Data extract:
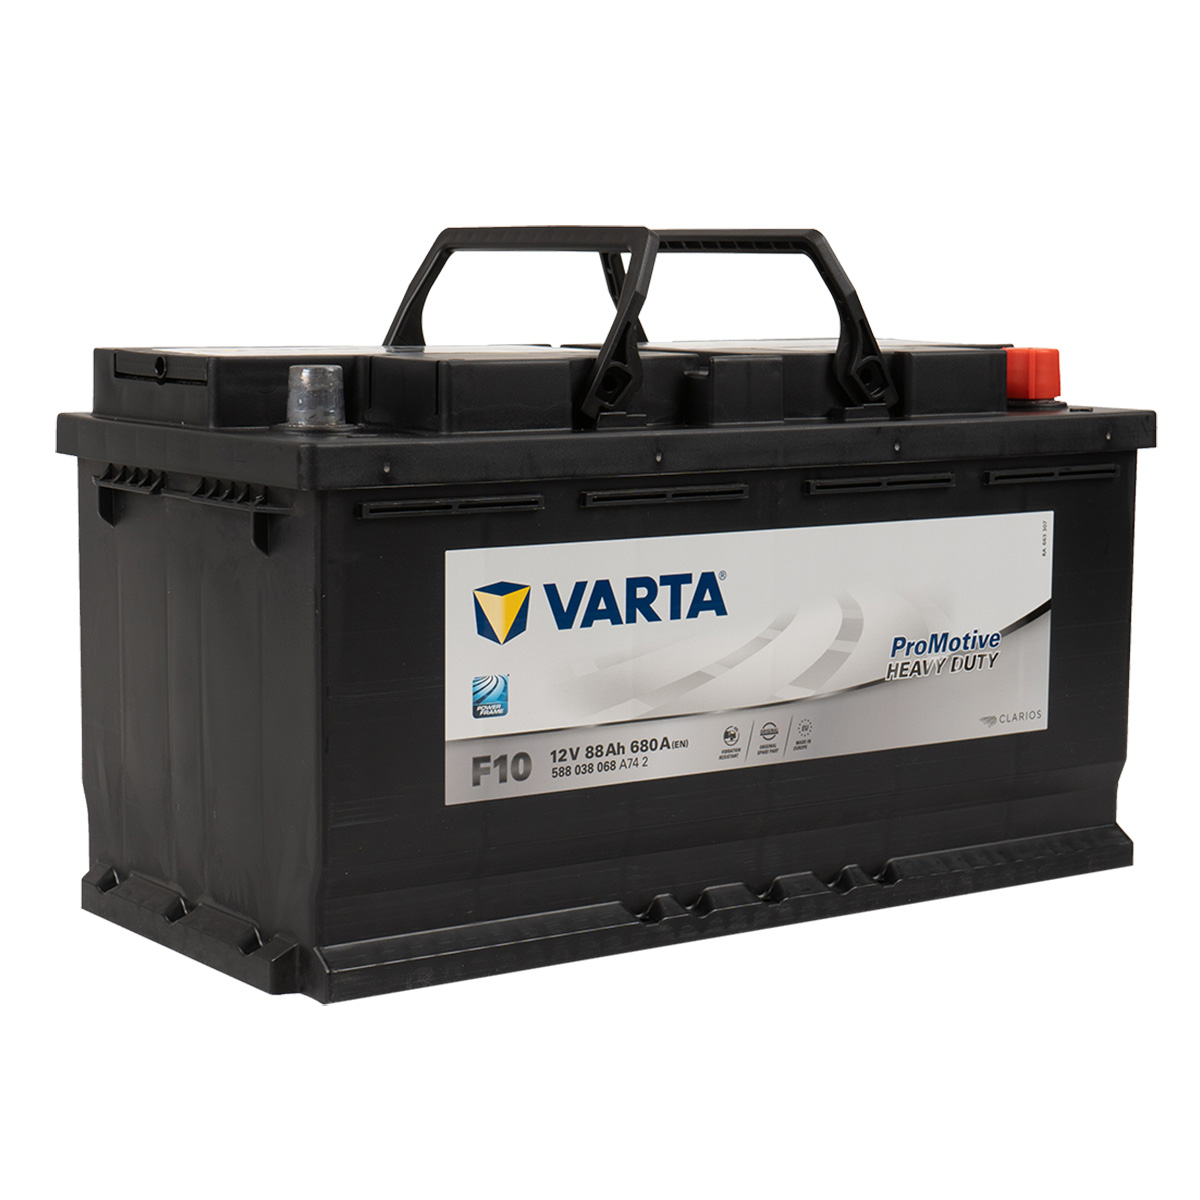 VARTA F10 ProMotive Heavy Duty 88Ah 680A LKW Batterie 588 038 068
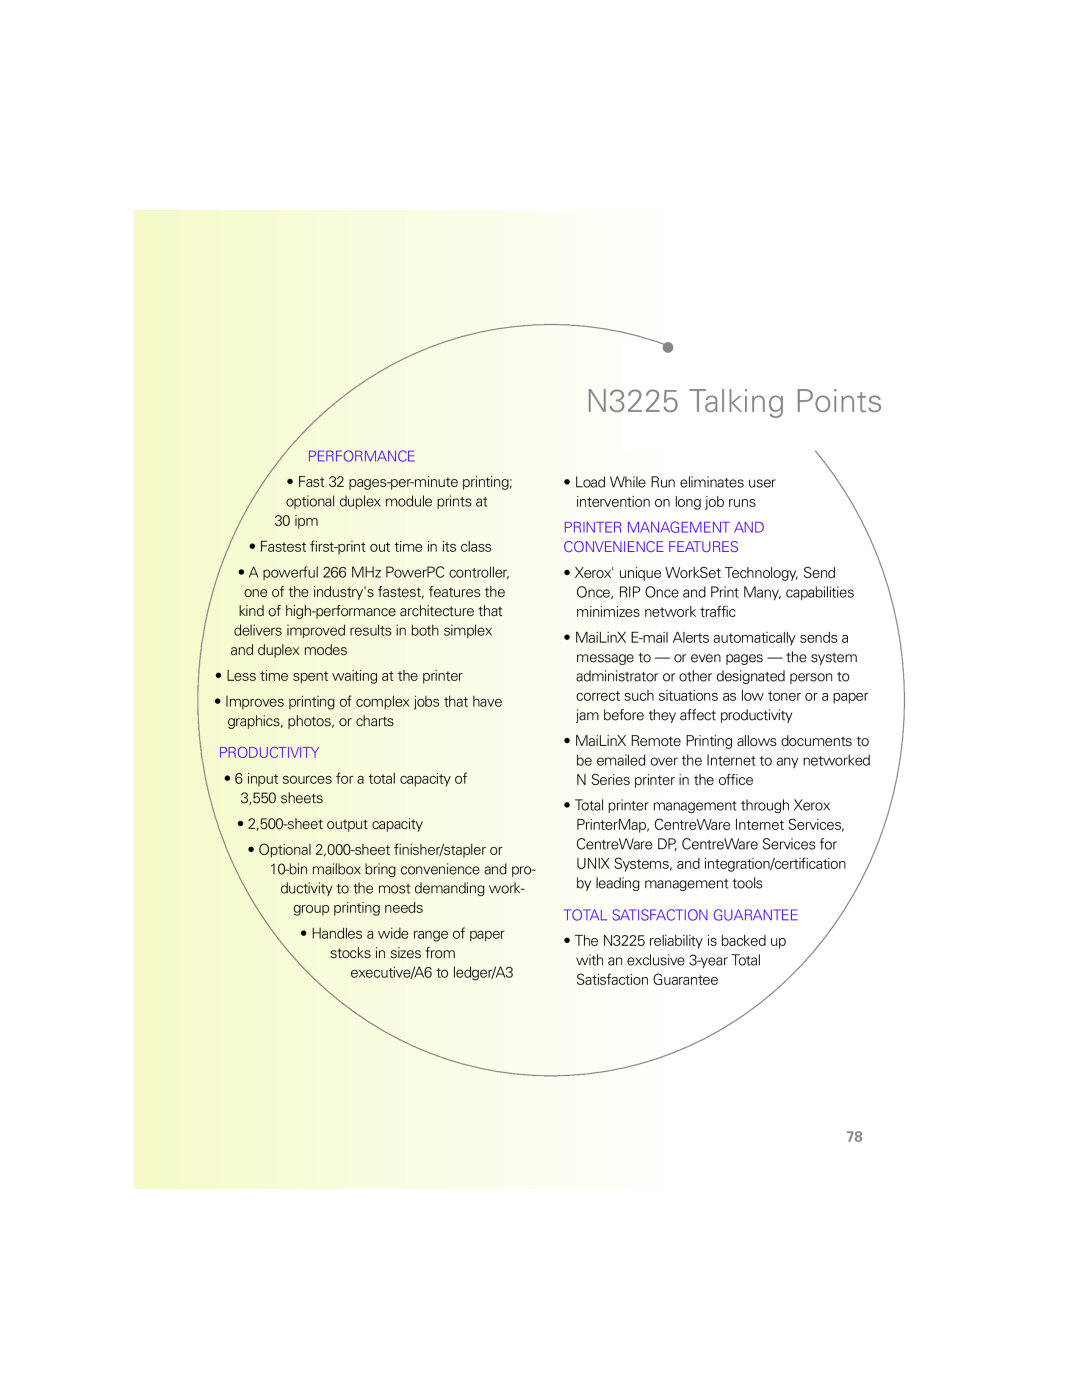 Xerox N Series manual N3225 Talking Points 
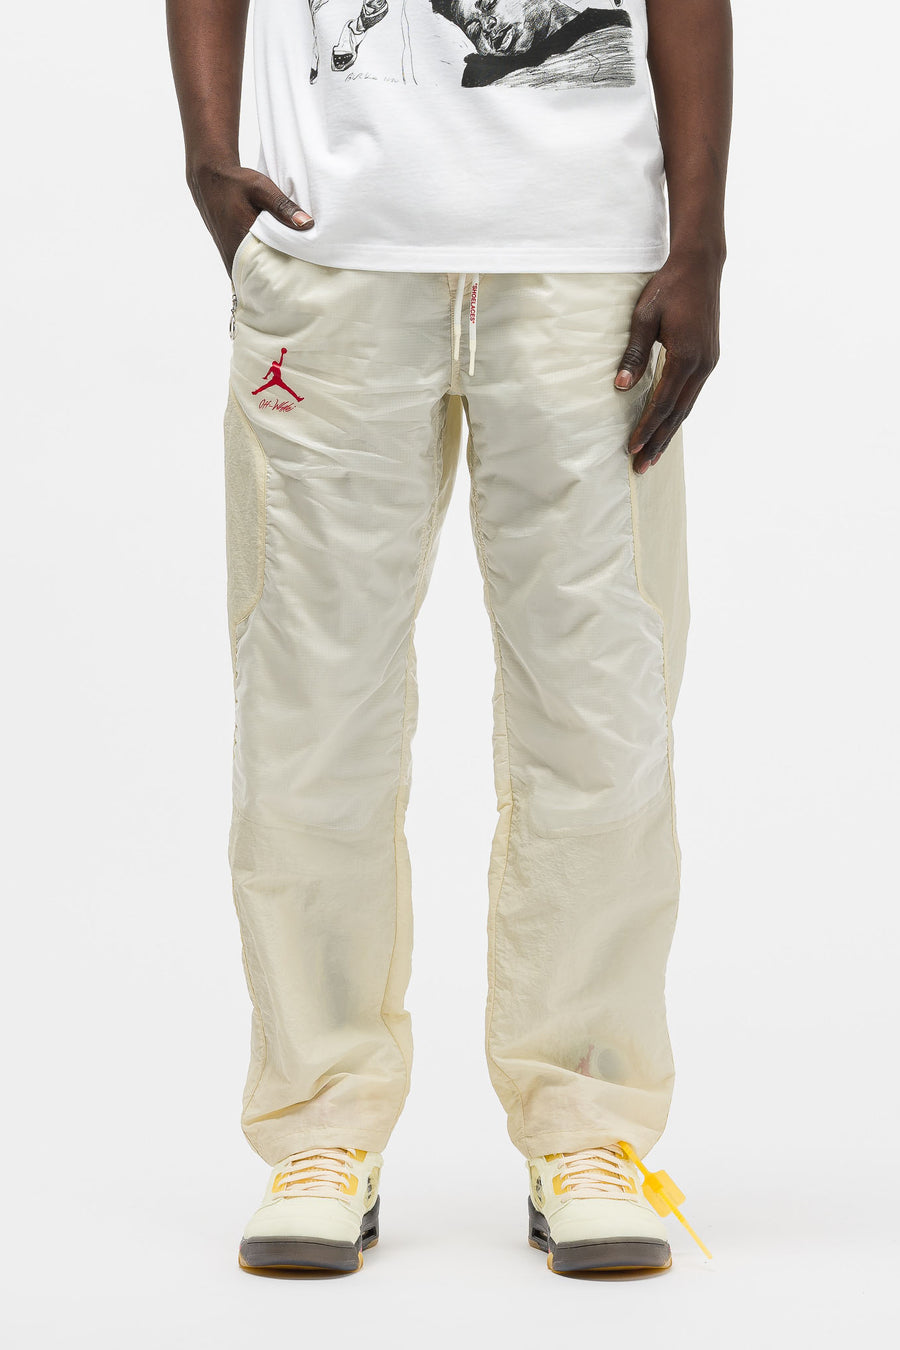 jordan x off white pants
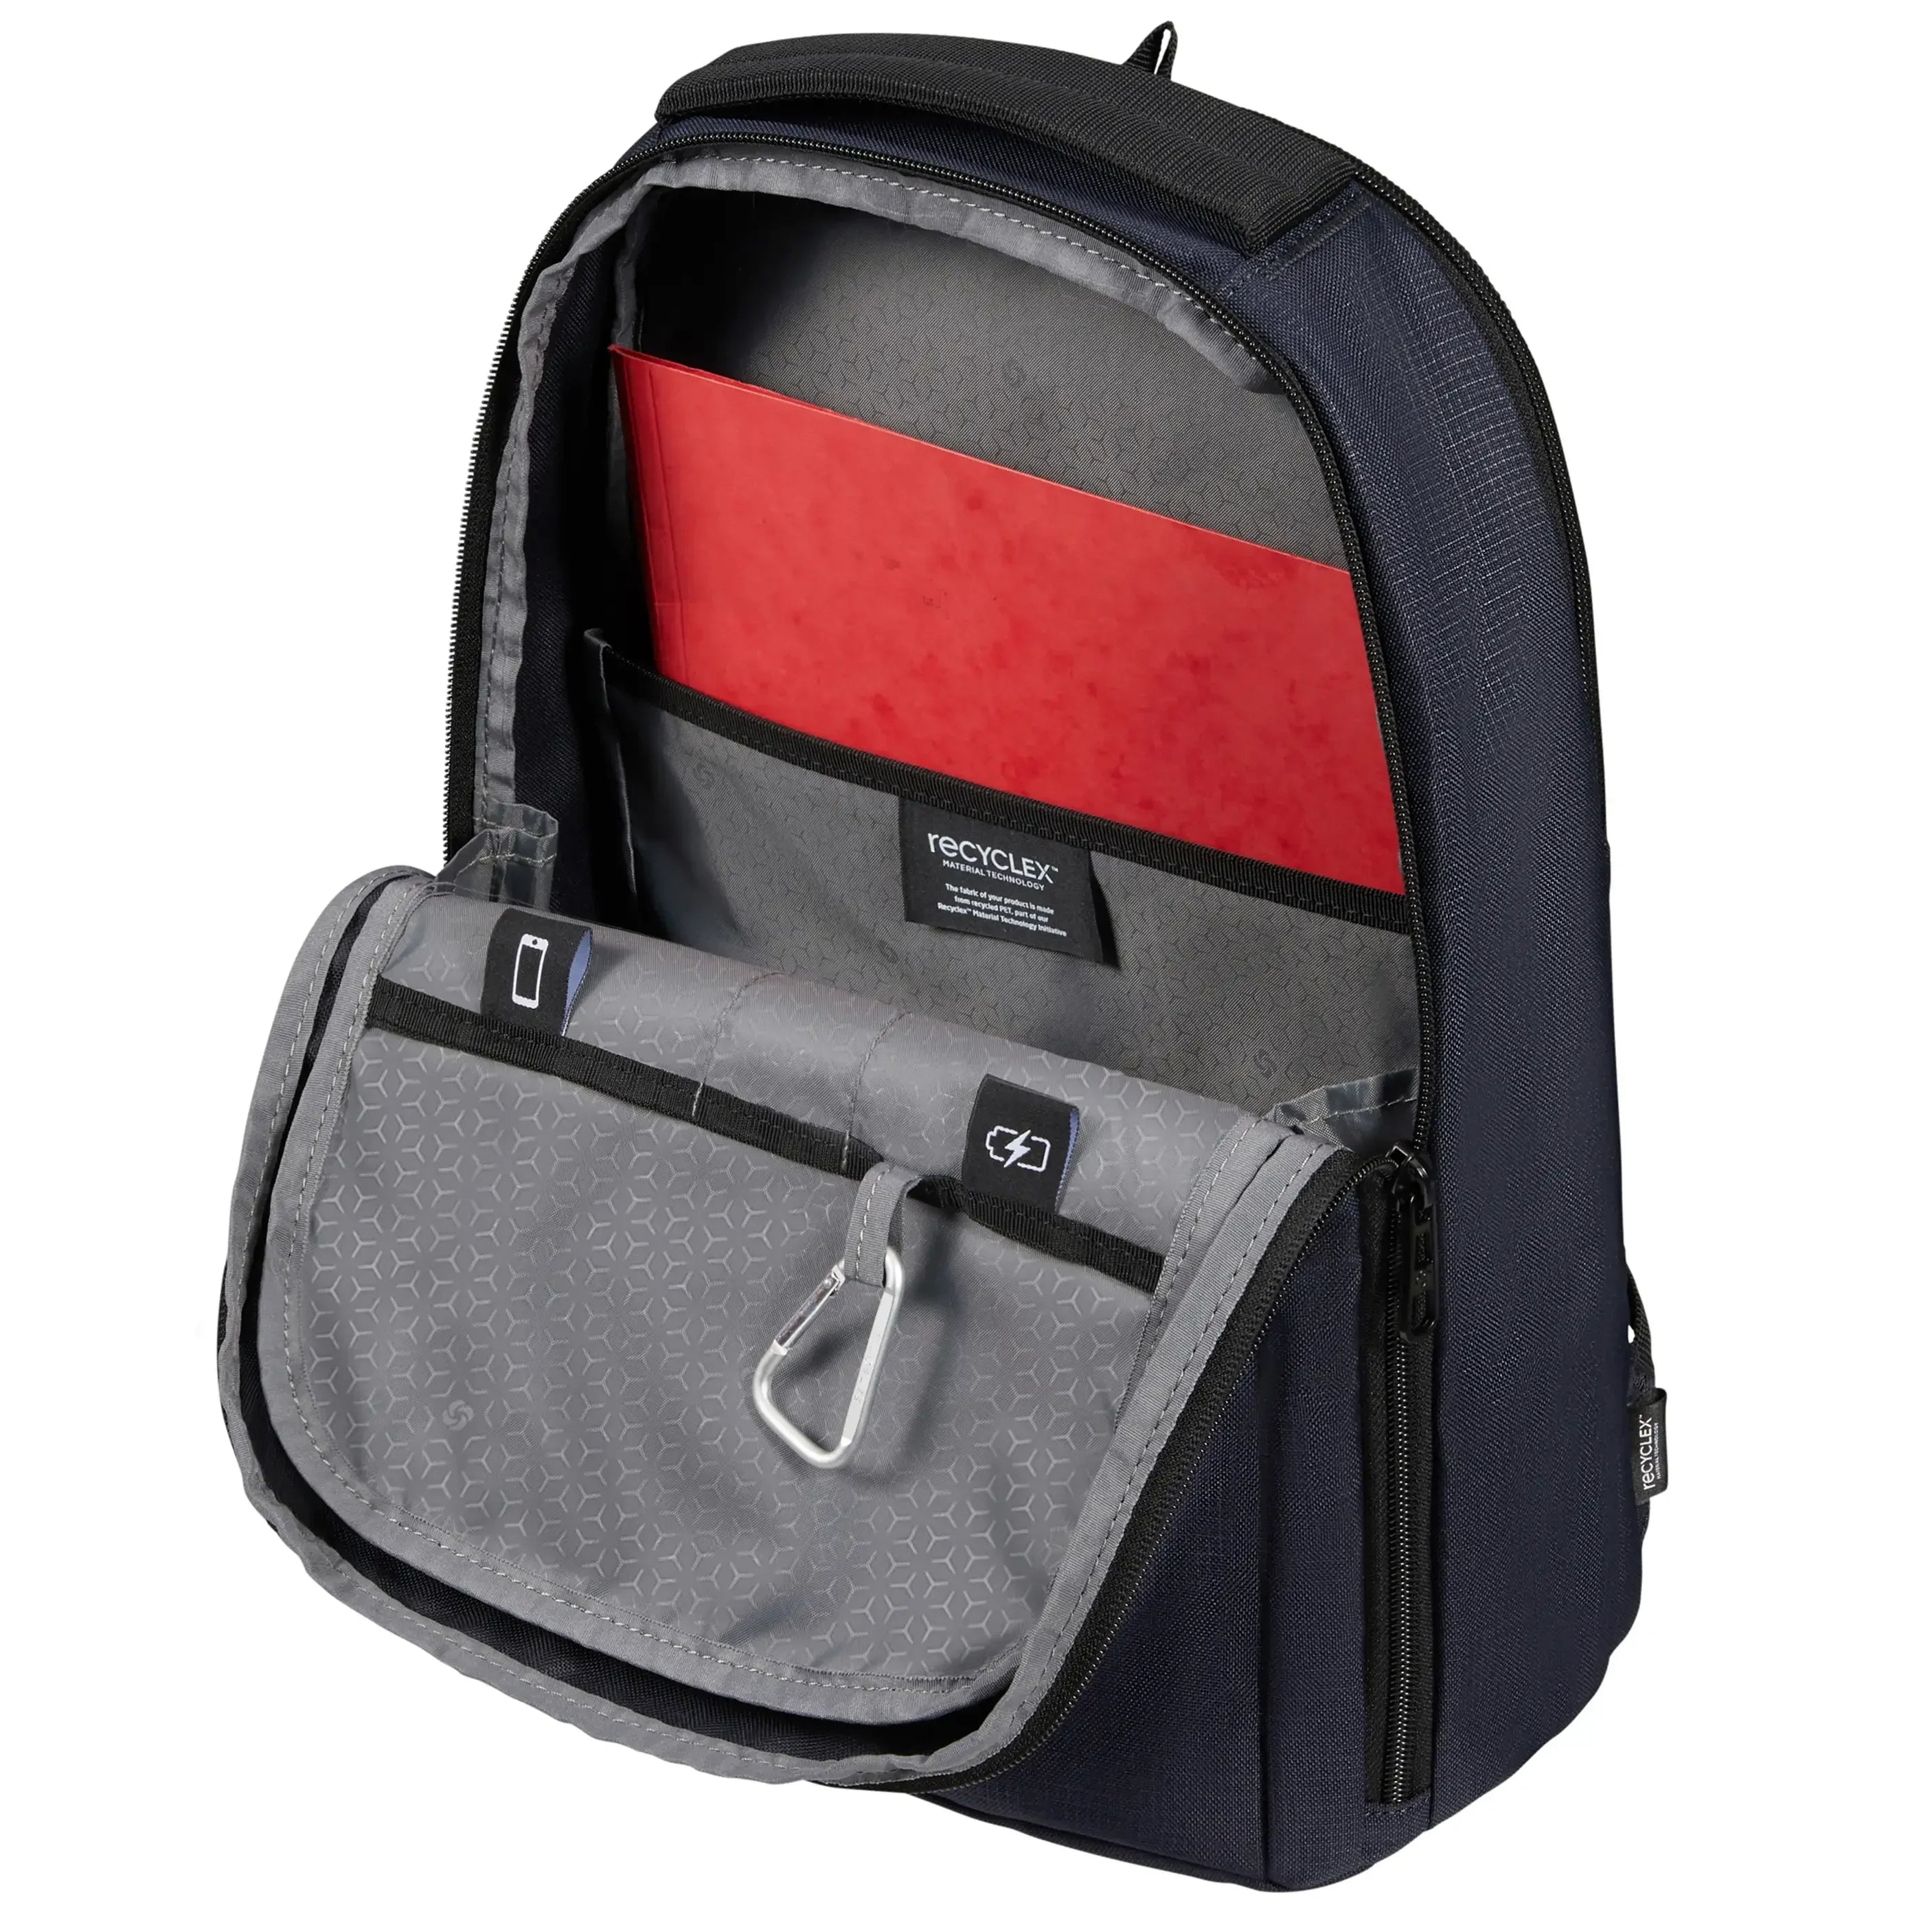 Samsonite Roader Laptop Backpack S 42 cm - drifter gray

Work instruction: Write out the listing word for word, omitting the pictures it holds.

Result:
 VARTA F10 ProMotive Heavy Duty 88Ah 680A LKW Batterie 588 038 068
 Xerox N Series manual N3225 Talking Points 
 jordan x off white pants
 Samsonite Roader Laptop Backpack S 42 cm - drifter gray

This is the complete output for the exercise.